Action item – Everything in the listing should be copied exactly, save for the pictures.

Dataset content –

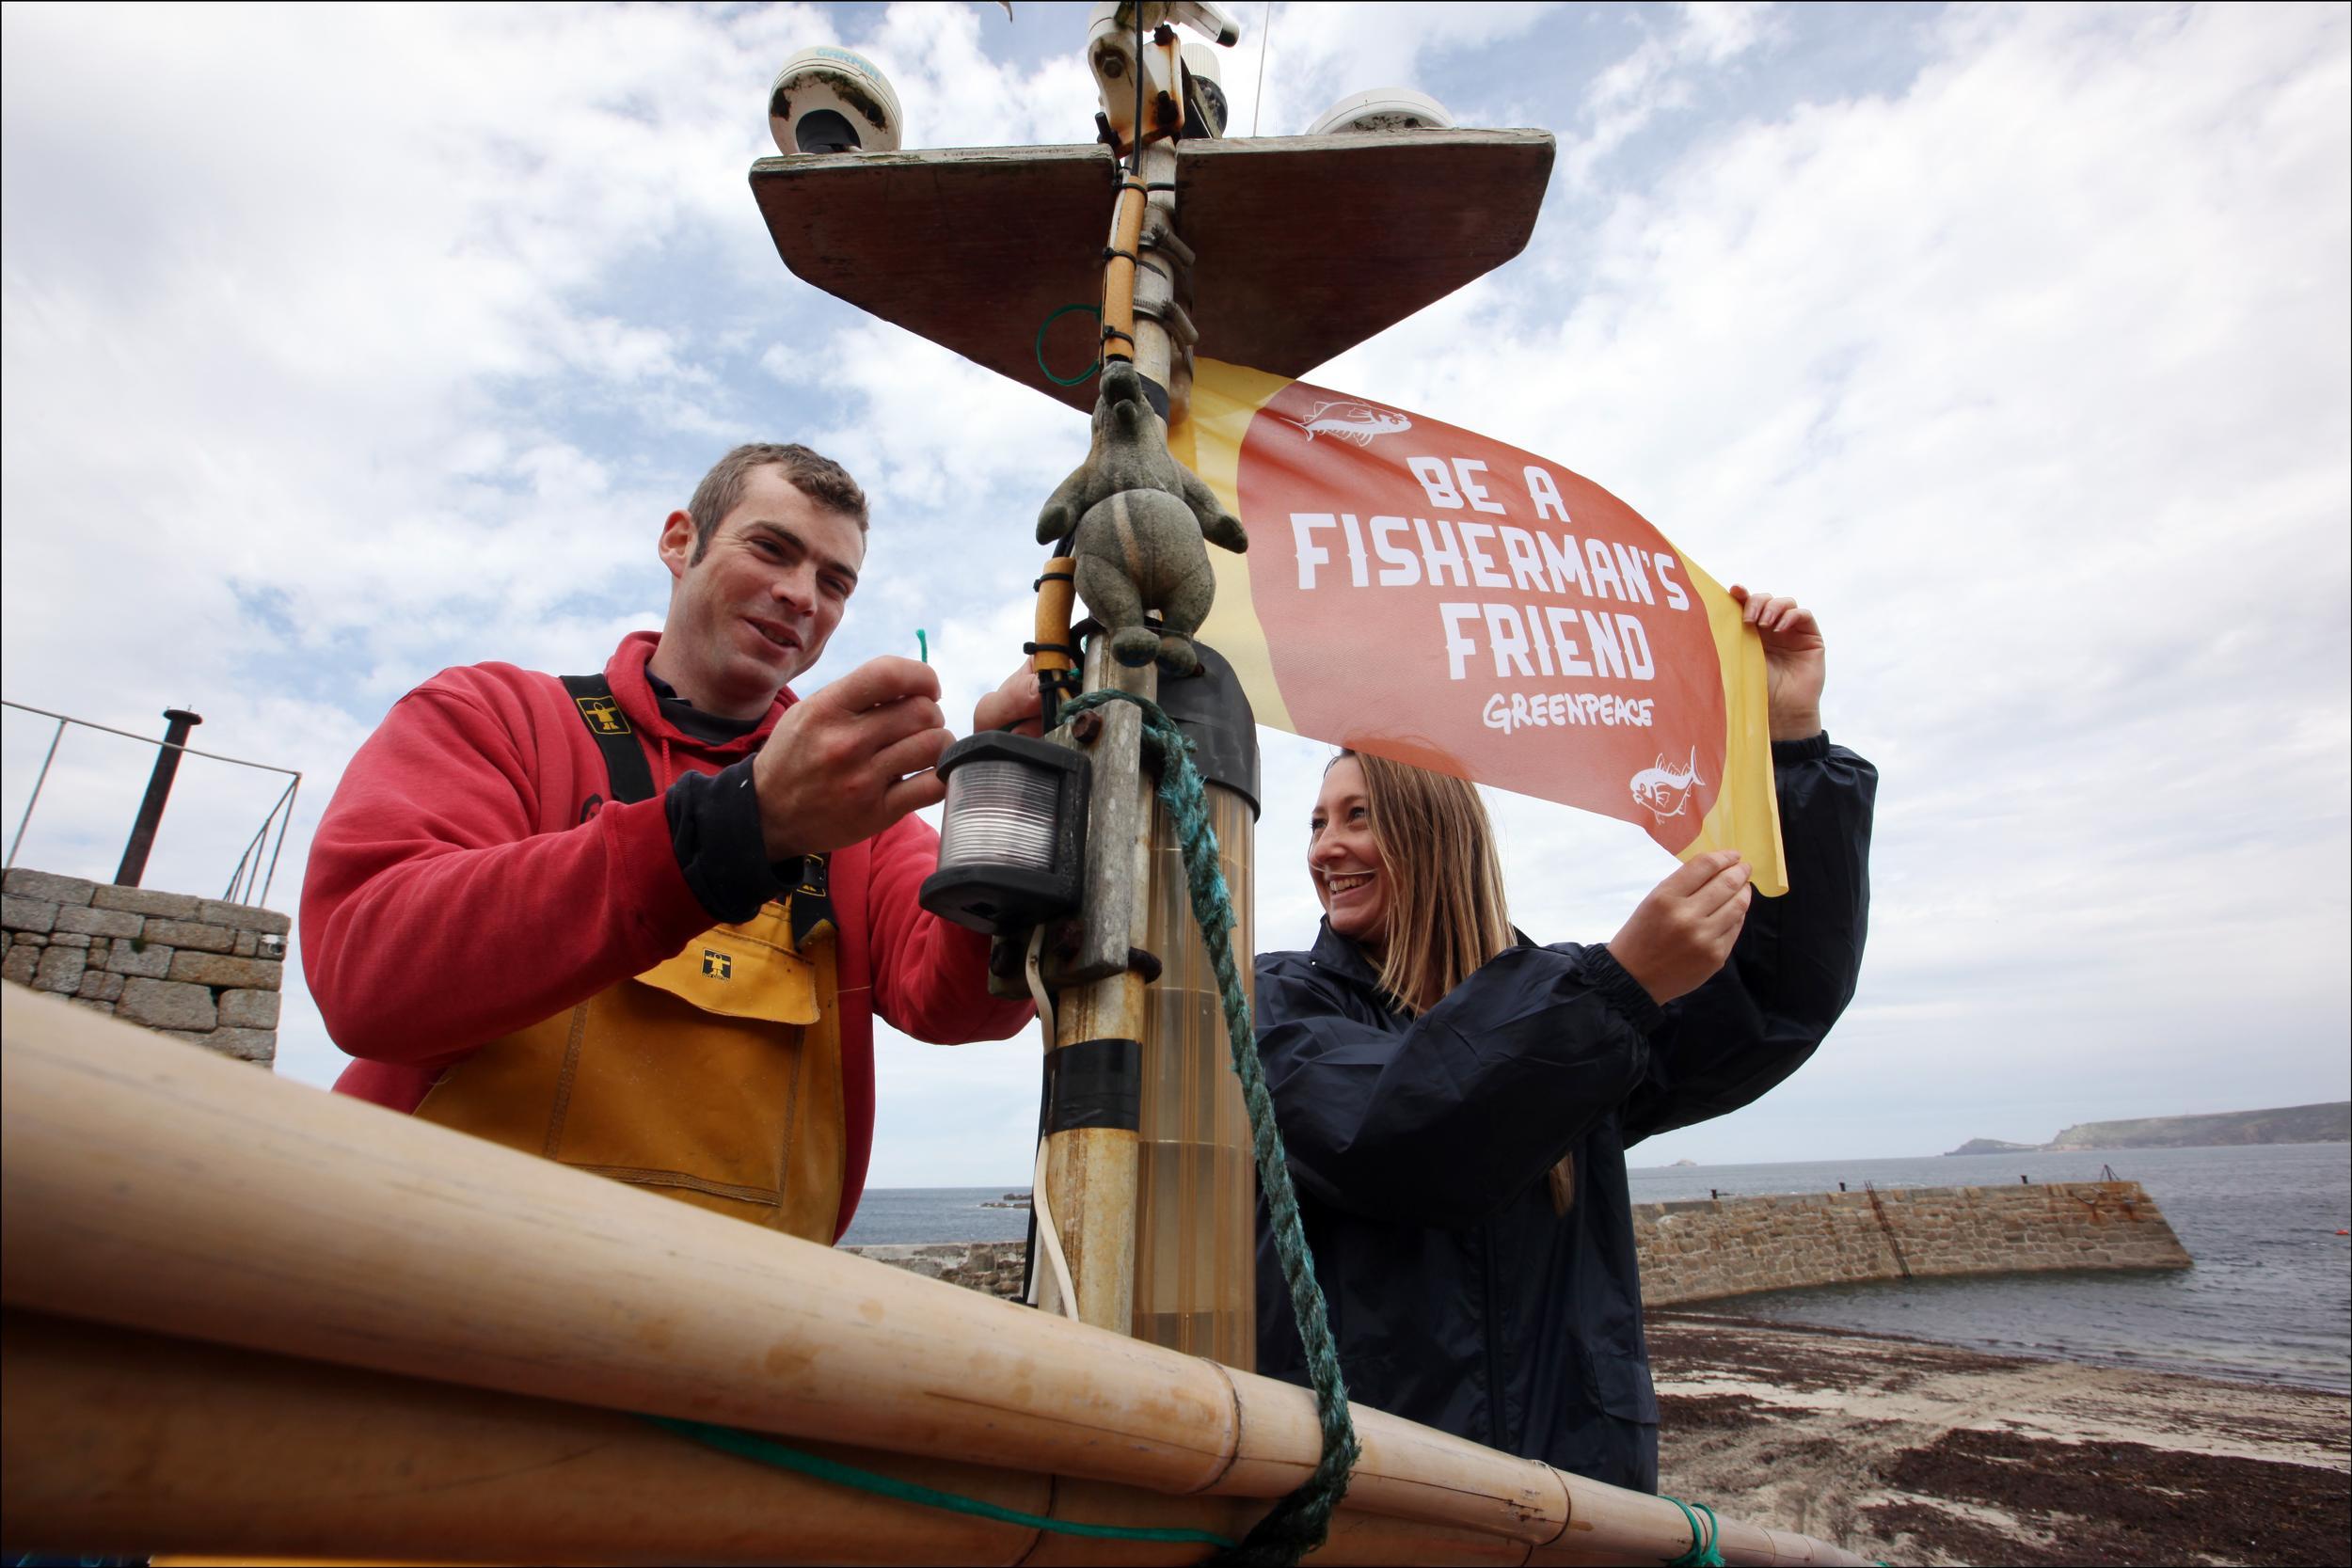 Greenpeace campaigners raise a flag reading
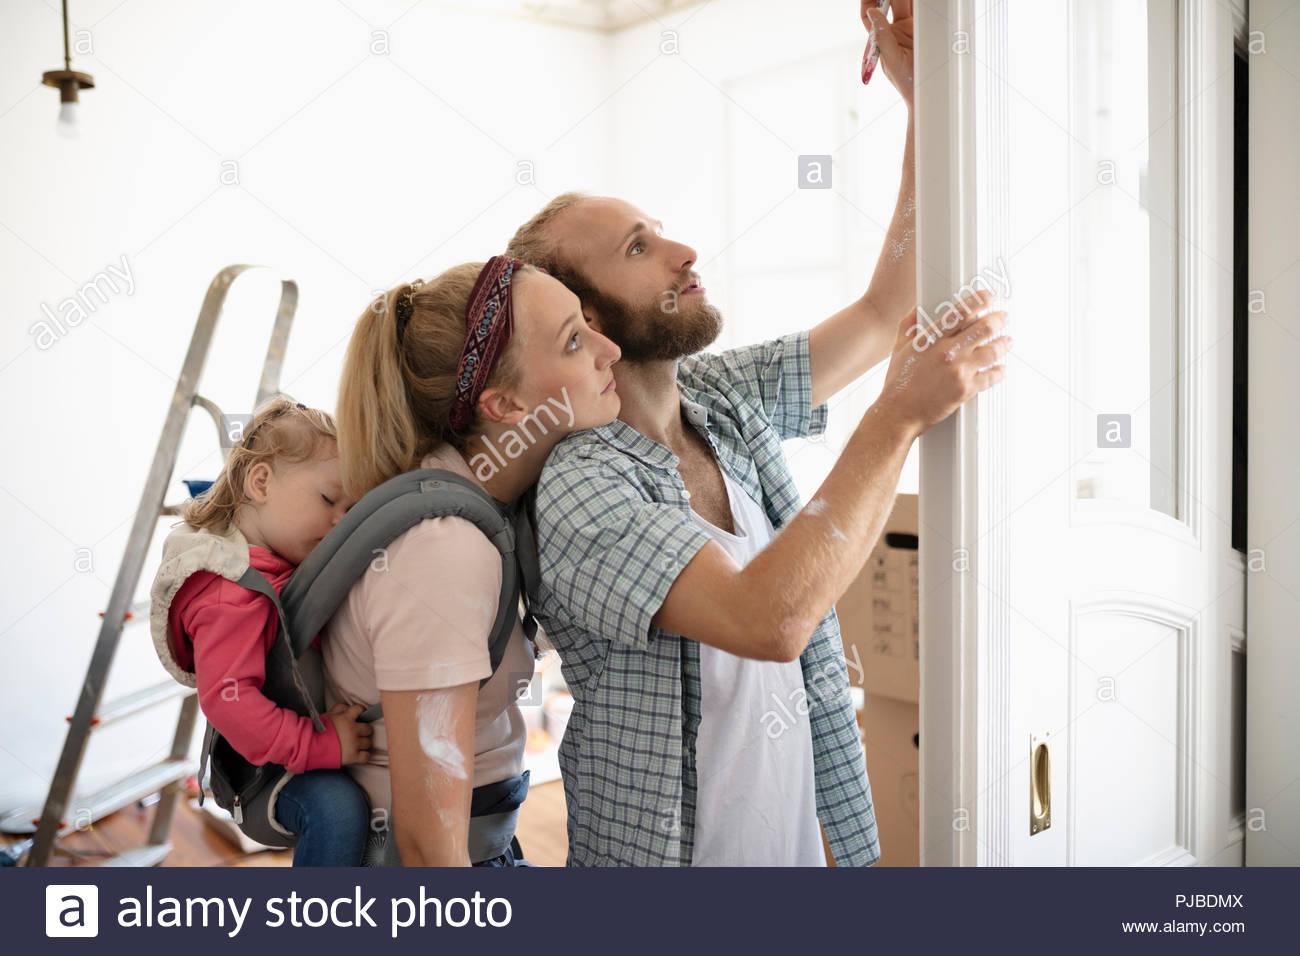 Cariñosa familia joven pintura Imagen De Stock
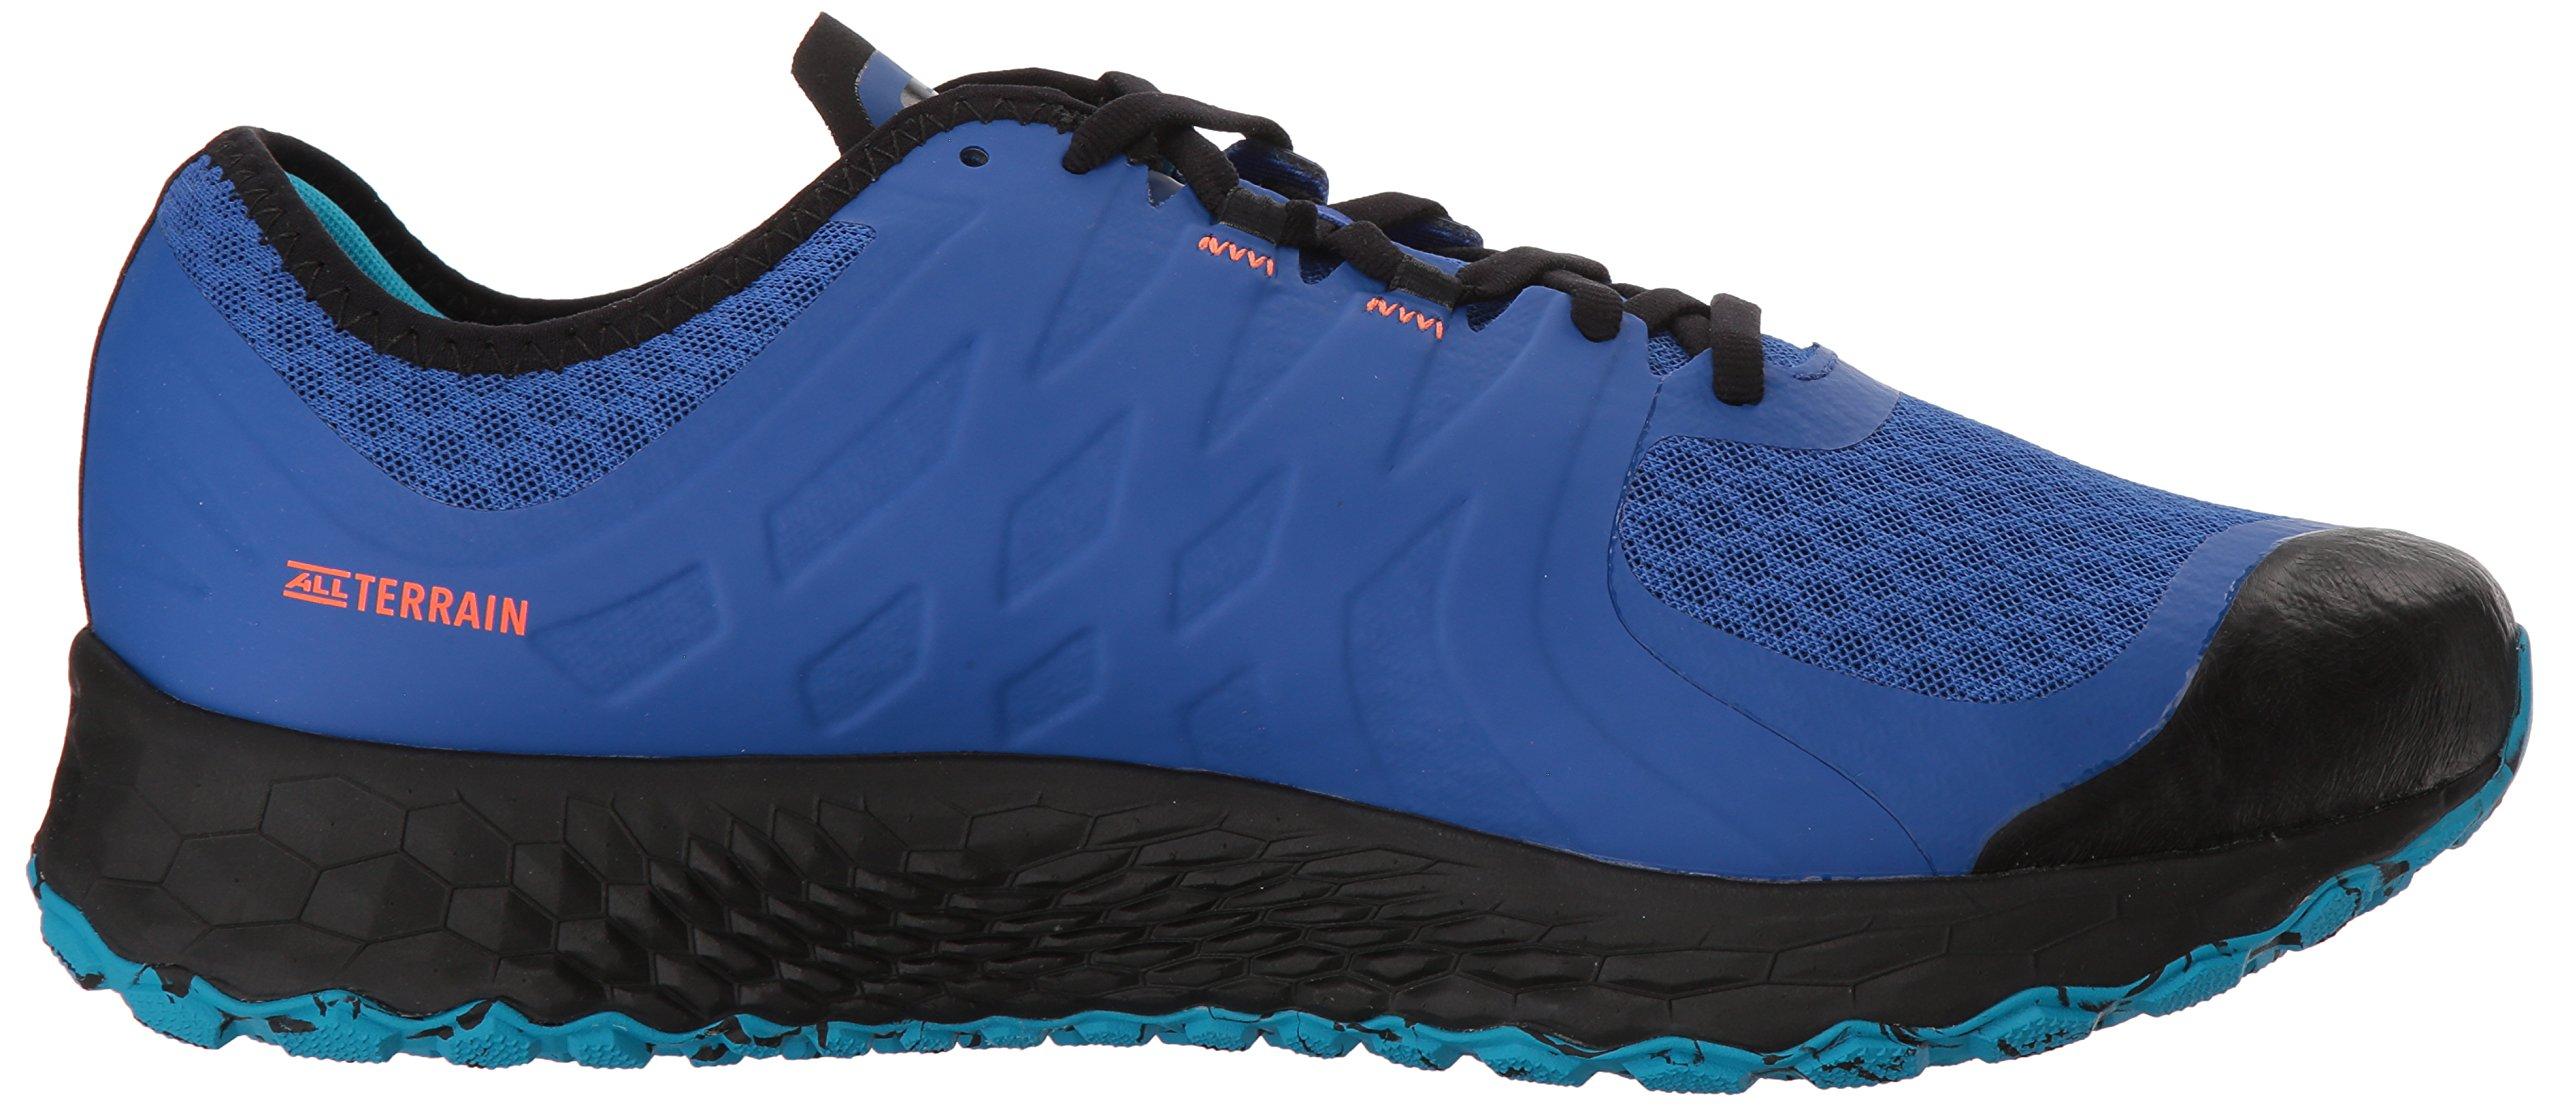 New Balance Men's Kaymin Trail v1 Fresh Foam Trail Running Shoe, Deep Pacific, 7 D US by New Balance (Image #6)

Worked solution –
 Greenpeace campaigners raise a flag reading
 Cariñosa familia joven pintura Imagen De Stock
 New Balance Men's Kaymin Trail v1 Fresh Foam Trail Running Shoe, Deep Pacific, 7 D US by New Balance (Image #6)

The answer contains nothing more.